1
votes

I am building a compiler and have one doubt. In case of STRING, we do not have any idea about the length, but in case of CHARACTER we know that it will be either 3 or 4 symbols including starting and ending single quotes (ex. ‘a’, ‘/t’). So, can we take advantage of this knowledge and flag error in the Lexer if length of input string is more than 4 symbols or this is the work of Parser?

Ex. ‘aaaaaaaaaaa’

Is this a lexical error for character or syntactic error? What could be the optimal location for this check?

1
That depends entirely on the intended semantics of the language you are intending to parse. For example, in Python, 'some string' is (almost) entirely equivalent to "some string". Not so much in C or C++, where the single quotes are used for character literals, including multi-byte character literals, and the double quotes denote a string literal.twalberg

1 Answers

2
votes

In C, ‘aaaaaaaaaaa’ is neither a lexical nor a syntactic error, although its semantics are implementation-defined:

The value of an integer character constant containing more than one character (e.g., 'ab'), or containing a character or escape sequence that does not map to a single-byte execution character, is implementation-defined. (C standard, section 6.4.4.4, paragraph 10.)

It would have been easy to restrict character constants to a single character or escape sequence, but not by counting the display length of the character constant. (For example, 'ab' (length 4) would be illegal while '\x2C' (length 5) is legal, and '\u00C3' (length 6) depends on encoding.)

In any case, the frontier between "lexical" and "syntactic" errors is not particularly well-defined, and particularly not for C, in which 23skidoo is a valid preprocessor token but not a valid token.

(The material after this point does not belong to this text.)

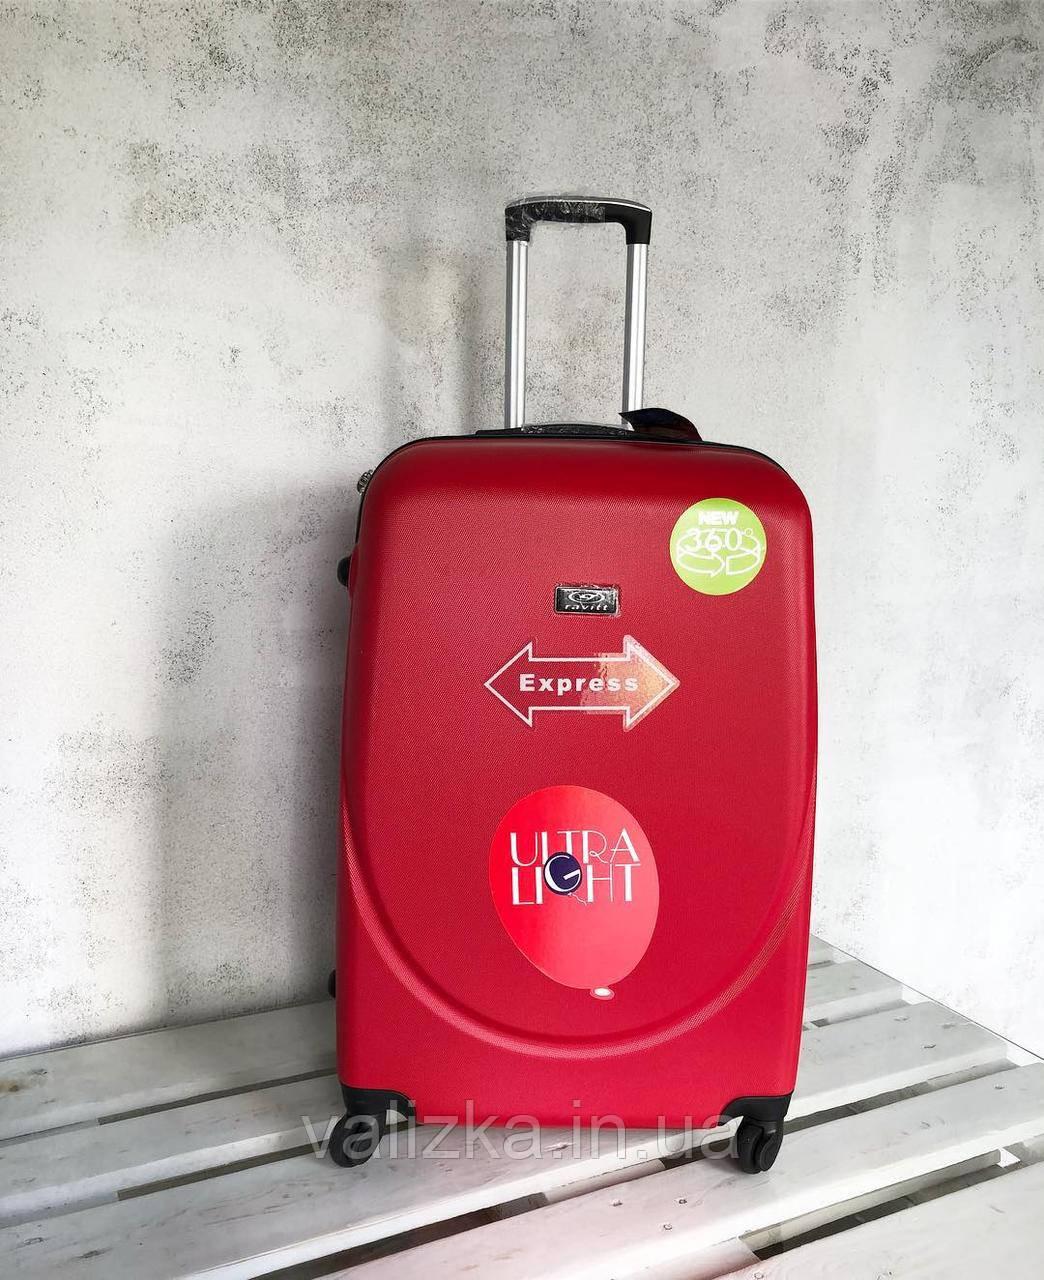 Большой пластиковый чемодан на 4-х колесах красный / Велика пластикова валіза на колесах червона Польша

If your question is "should I detect and react to this error in the scanner or the parser", I would answer, "whichever seems most convenient to you". My preference is to centralize all error handling in a single place, though, which means in the parser, and that requires the scanner to pass a special "bad token" token to the parser in order to trigger error detection (and possibly recovery) in the parser.